Sadly I cannot get any HT blocks here since I live in Canada. I buy the 50 lb bags of Mazuri 6F instead (16% protein, 6% fat).

There are all sorts of debates going on about lower protein diets reducing tumour incidence. liver failure when older, etc. I'll let you know once my older girls get to that age...I guess with all the rescues I have we had consider it a small test colony...LOL. then again I also have some spayed females as well as all neutered males. Is that considered cheating?


----------



## RatMom (May 23, 2007)

*Re: Not so sure how I feel about these Harlan Teklad lab blo*

I wasn't even aware you couldn't get it there, but that mazuri is the next best thing though. I bought the 6f before, but my rats wouldn't touch it after eating harlan for some odd reason.
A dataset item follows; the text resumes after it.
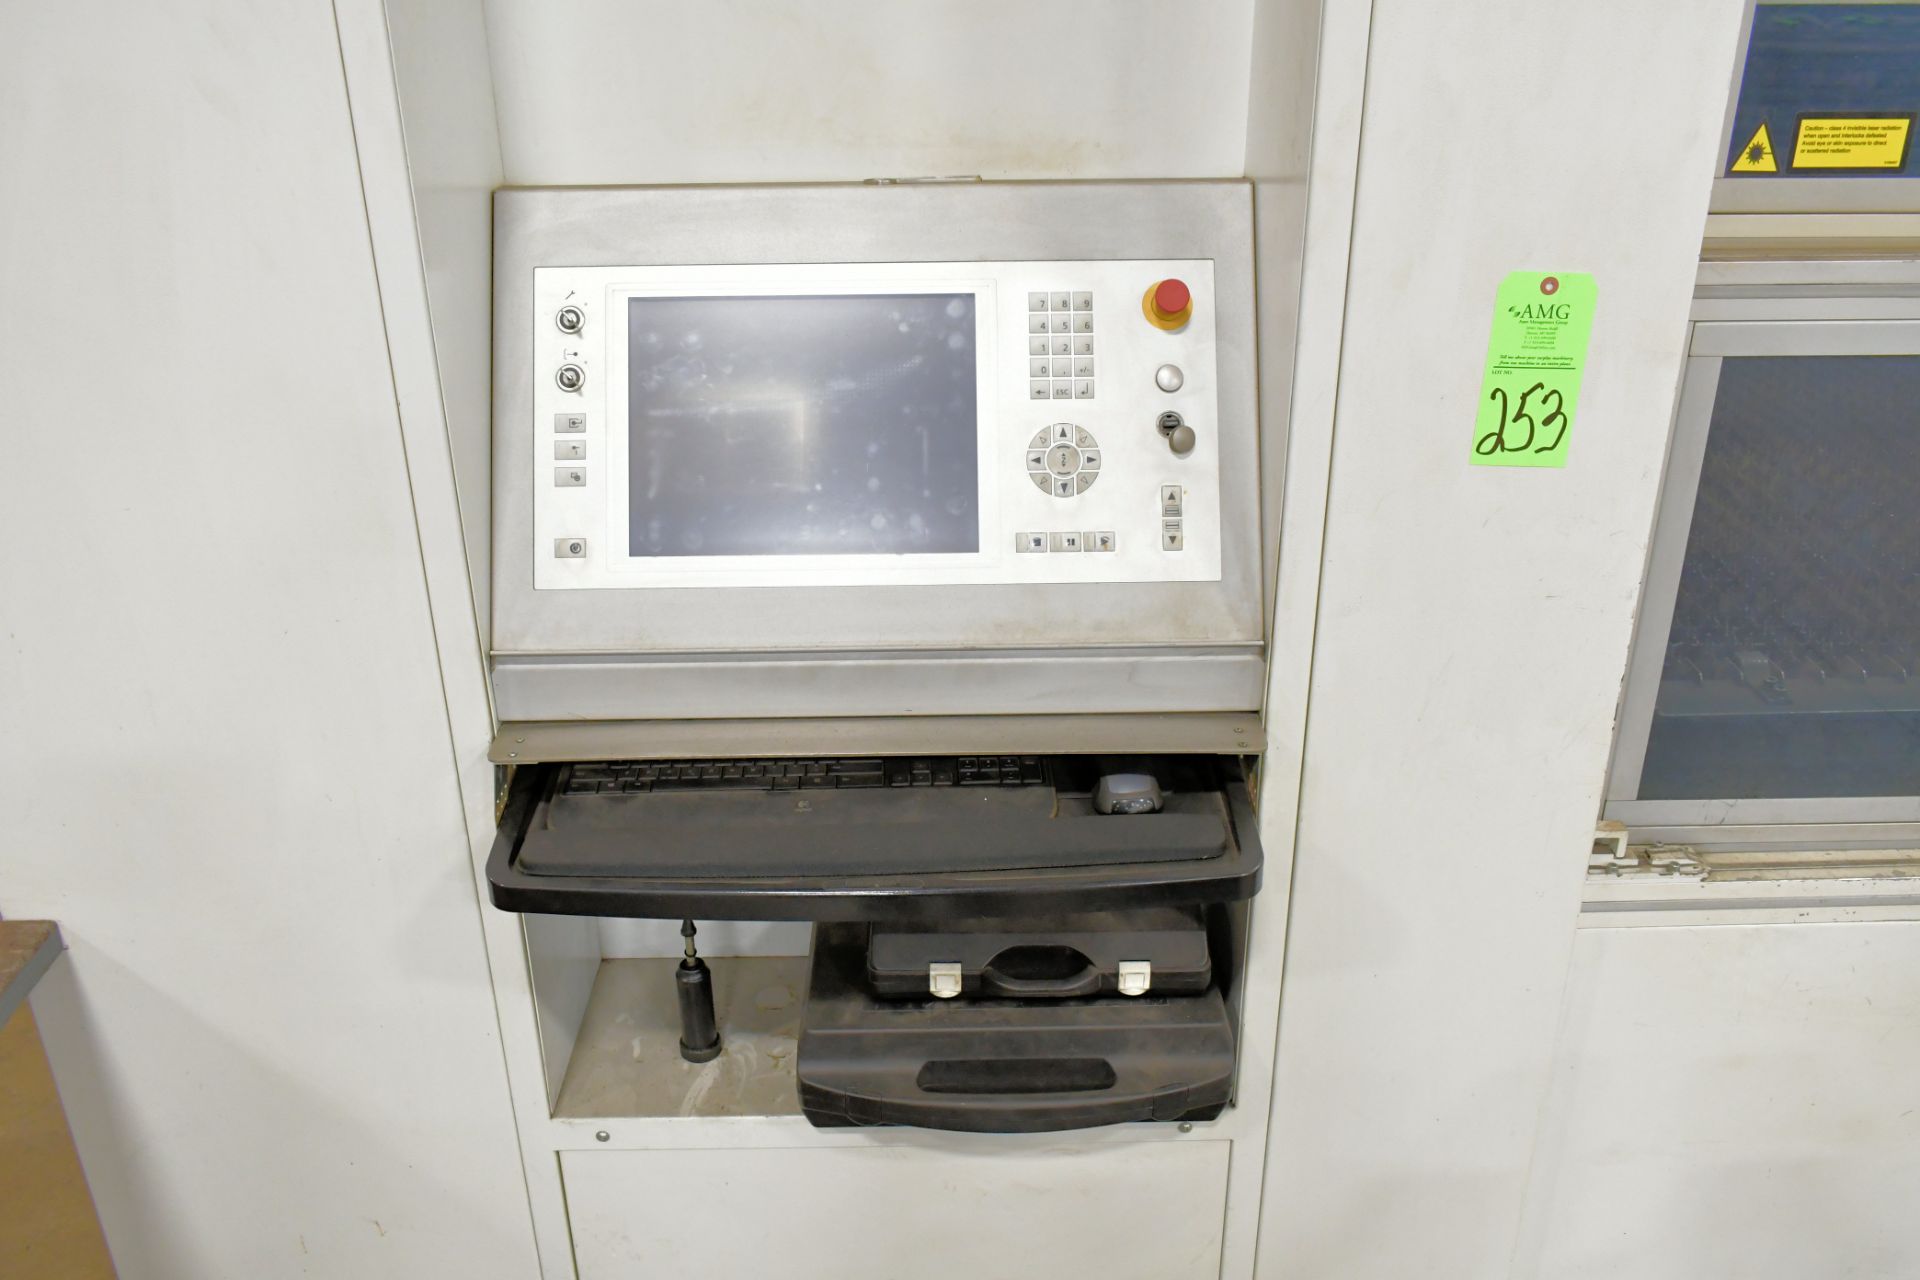 Trumpf Model TruLaser 1030, TruCoax 2500, CNC Laser Cutting Machine, S/n A0215A0147 (2011),120" x 60 - Image 5 of 9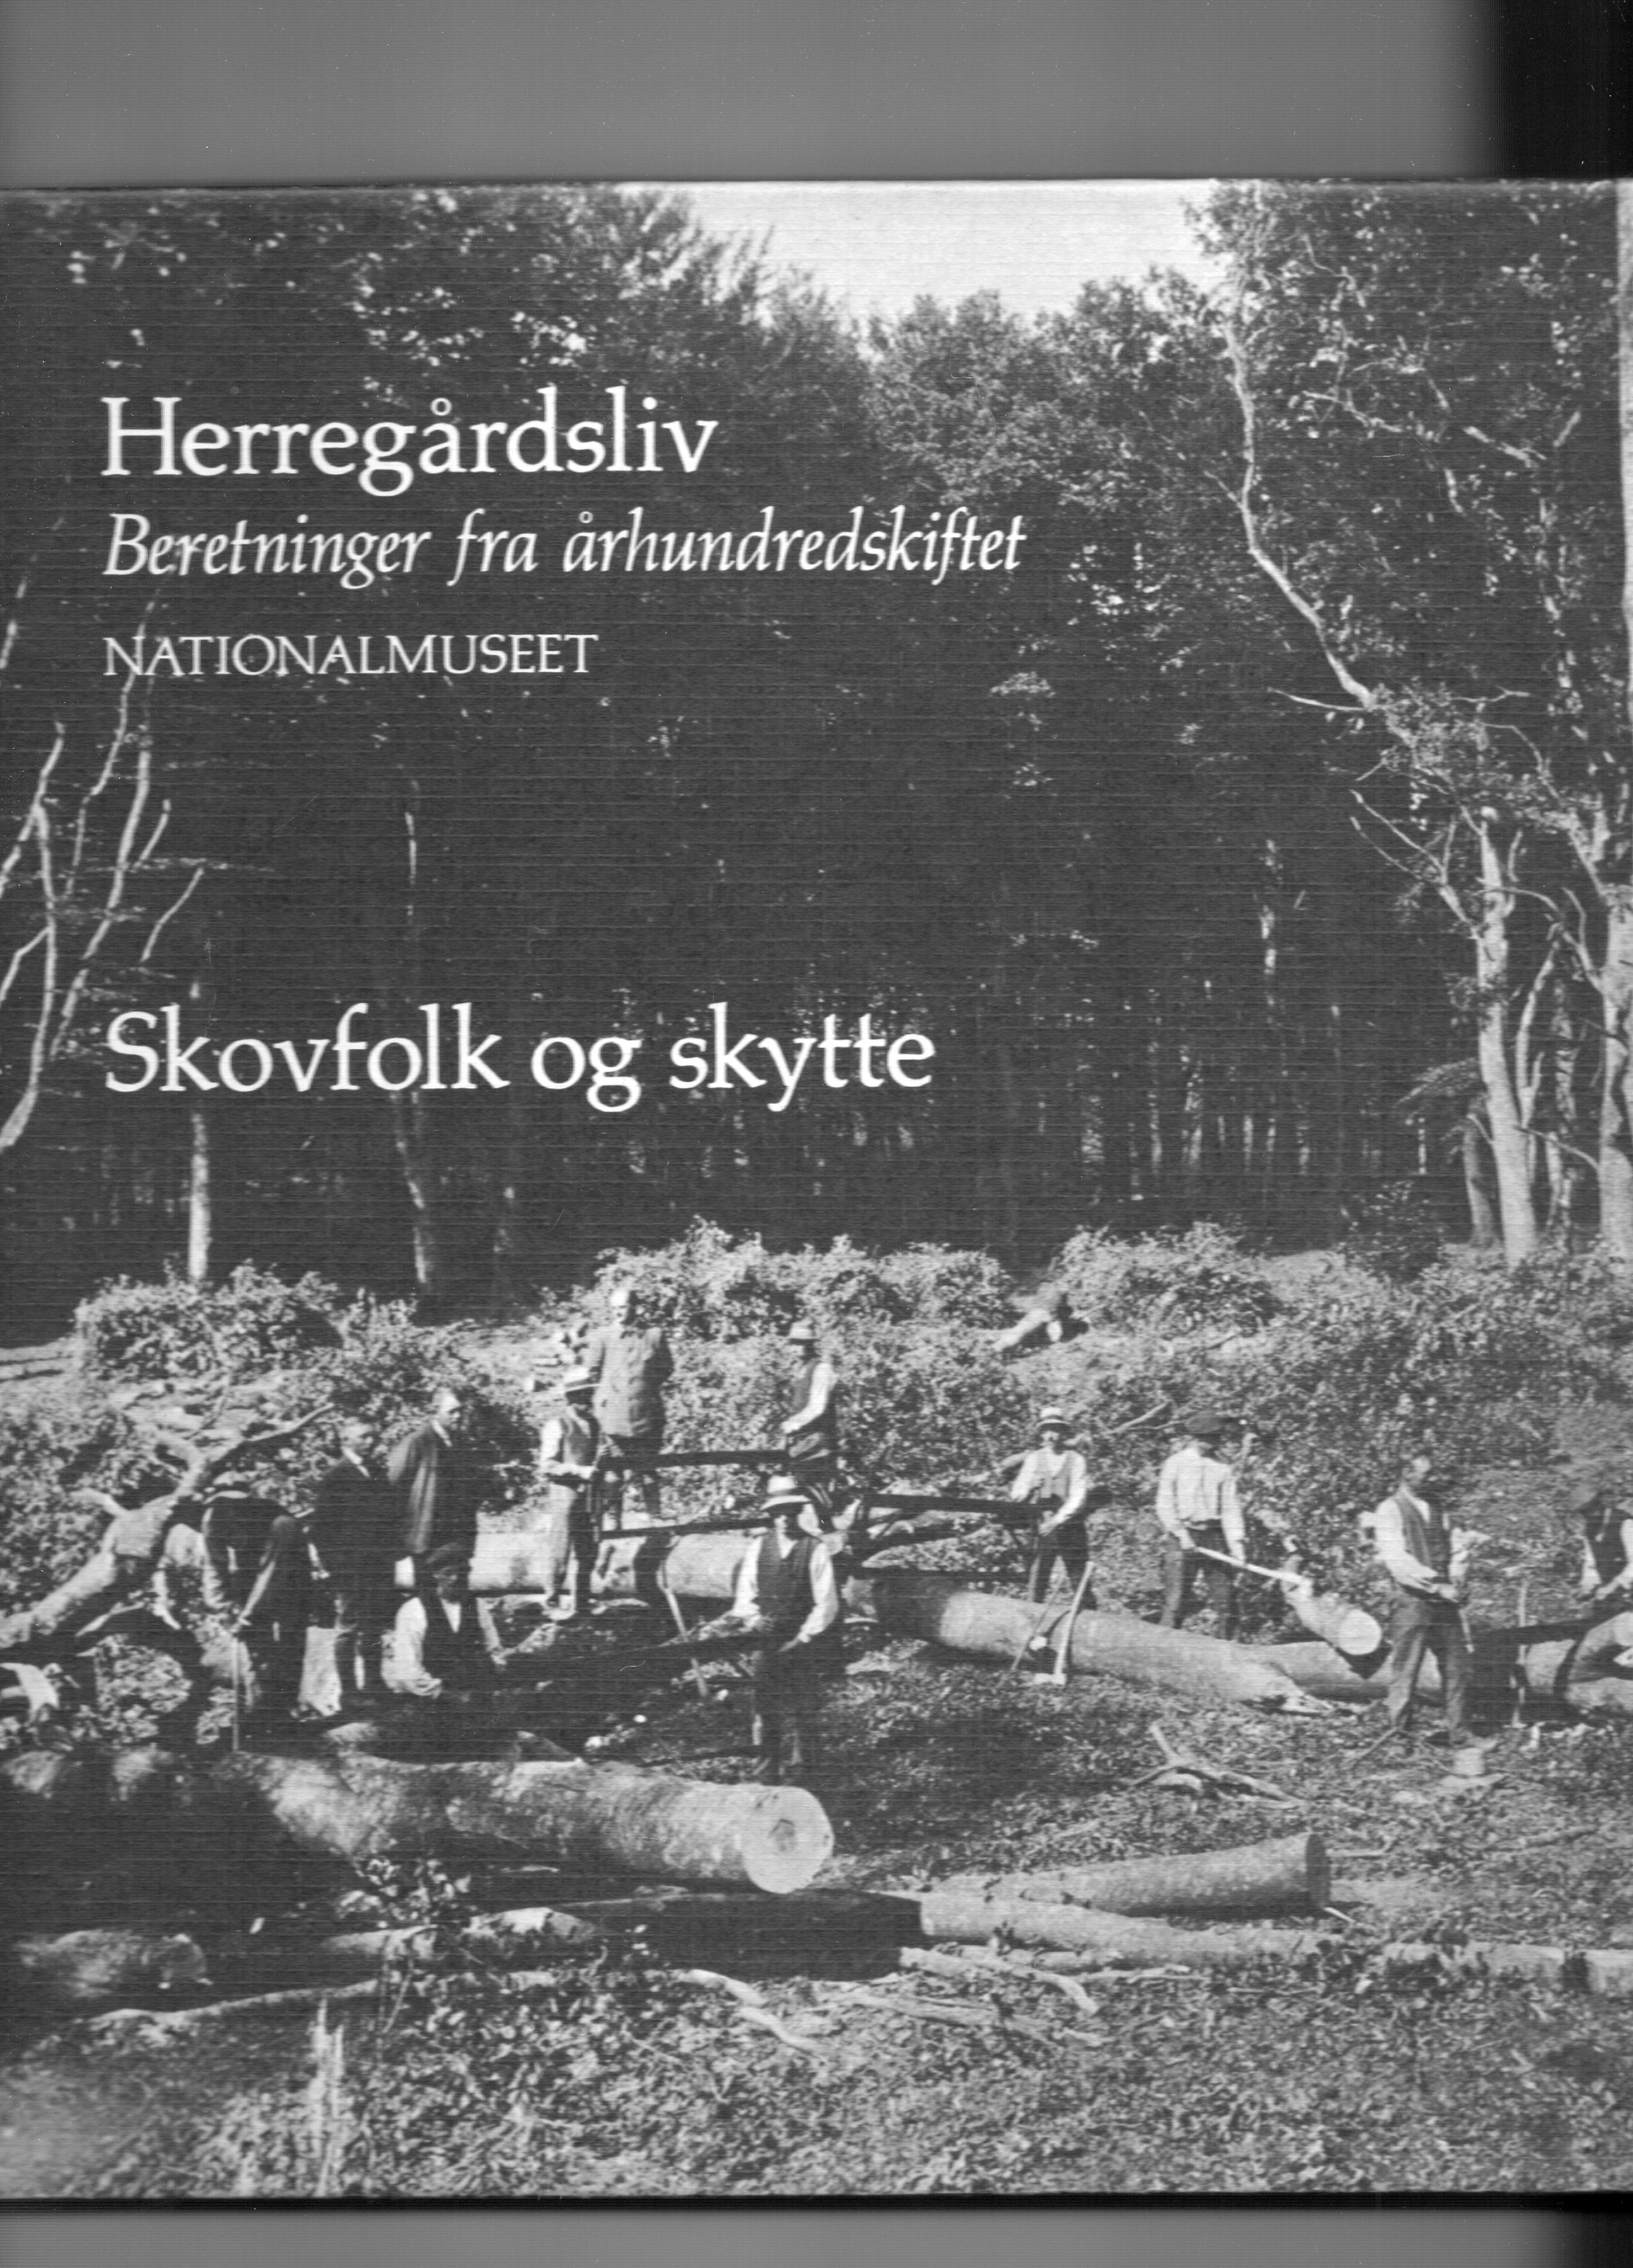 Herregårdsliv 4 Beretninger fra århundreårsskiftet Nationalmuseet 1981 Skovfolk og skytte Ole Højrup B

I'm definitely tired of tumors though.


----------



## Night (Feb 23, 2007)

*Re: Not so sure how I feel about these Harlan Teklad lab blo*

Are the rats all related? What are their ages? And are they males or females? Intact?


----------



## Forensic (Apr 12, 2007)

*Re: Not so sure how I feel about these Harlan Teklad lab blo*



Night said:


> Are the rats all related? What are their ages? And are they males or females? Intact?


Not to speak for Rachel_Phantom, but I think I recall from her 'meet my rats' thread that they're Momma and kids from an oops litter, all 3 years old, mixed male and female (though I don't know who's got tumors), and the males are neutered, don't know about the femmes?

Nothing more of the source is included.